* **Task instructions**:
Using the material that follows, output exactly the lines from the one containing "mamas and papas swirl pushchair instructions" through the one containing "Up Ankle Boots", with both ends kept.

* **Records supplied**:
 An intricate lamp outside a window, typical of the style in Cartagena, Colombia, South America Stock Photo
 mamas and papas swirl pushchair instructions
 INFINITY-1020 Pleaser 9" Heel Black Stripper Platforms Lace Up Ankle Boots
==
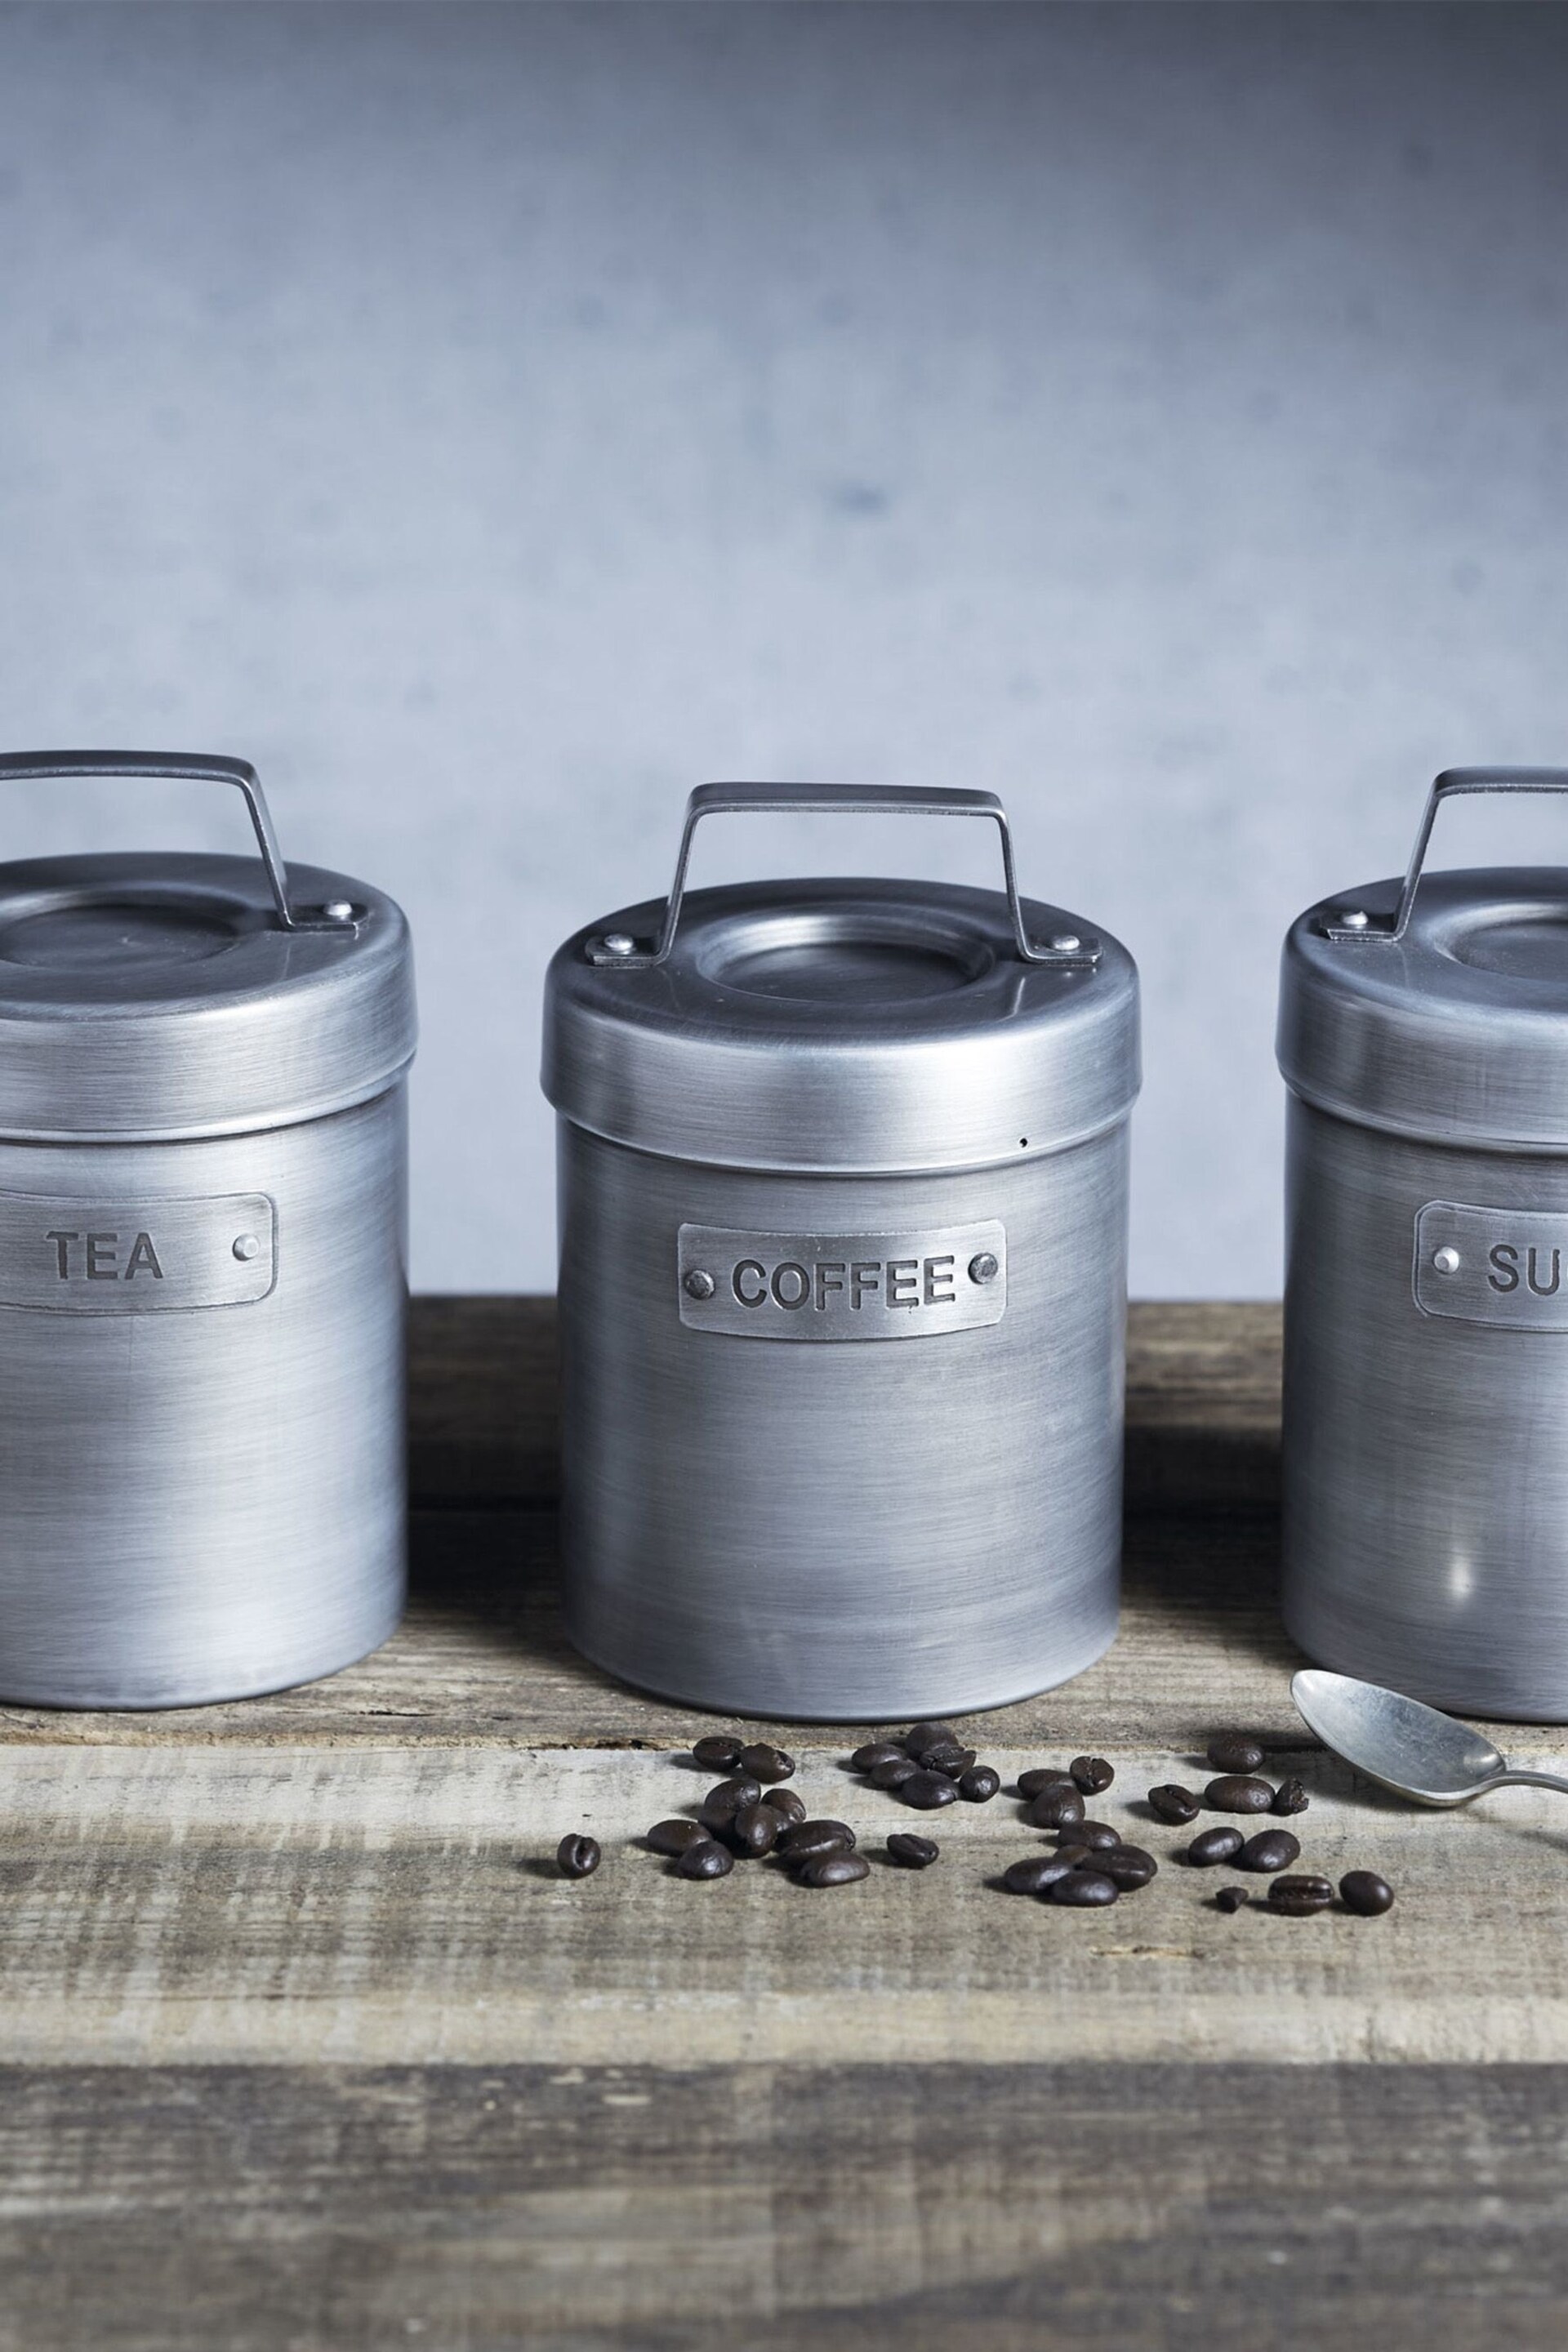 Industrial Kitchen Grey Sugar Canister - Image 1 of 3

* **Output of the task**:
 mamas and papas swirl pushchair instructions
 INFINITY-1020 Pleaser 9" Heel Black Stripper Platforms Lace Up Ankle Boots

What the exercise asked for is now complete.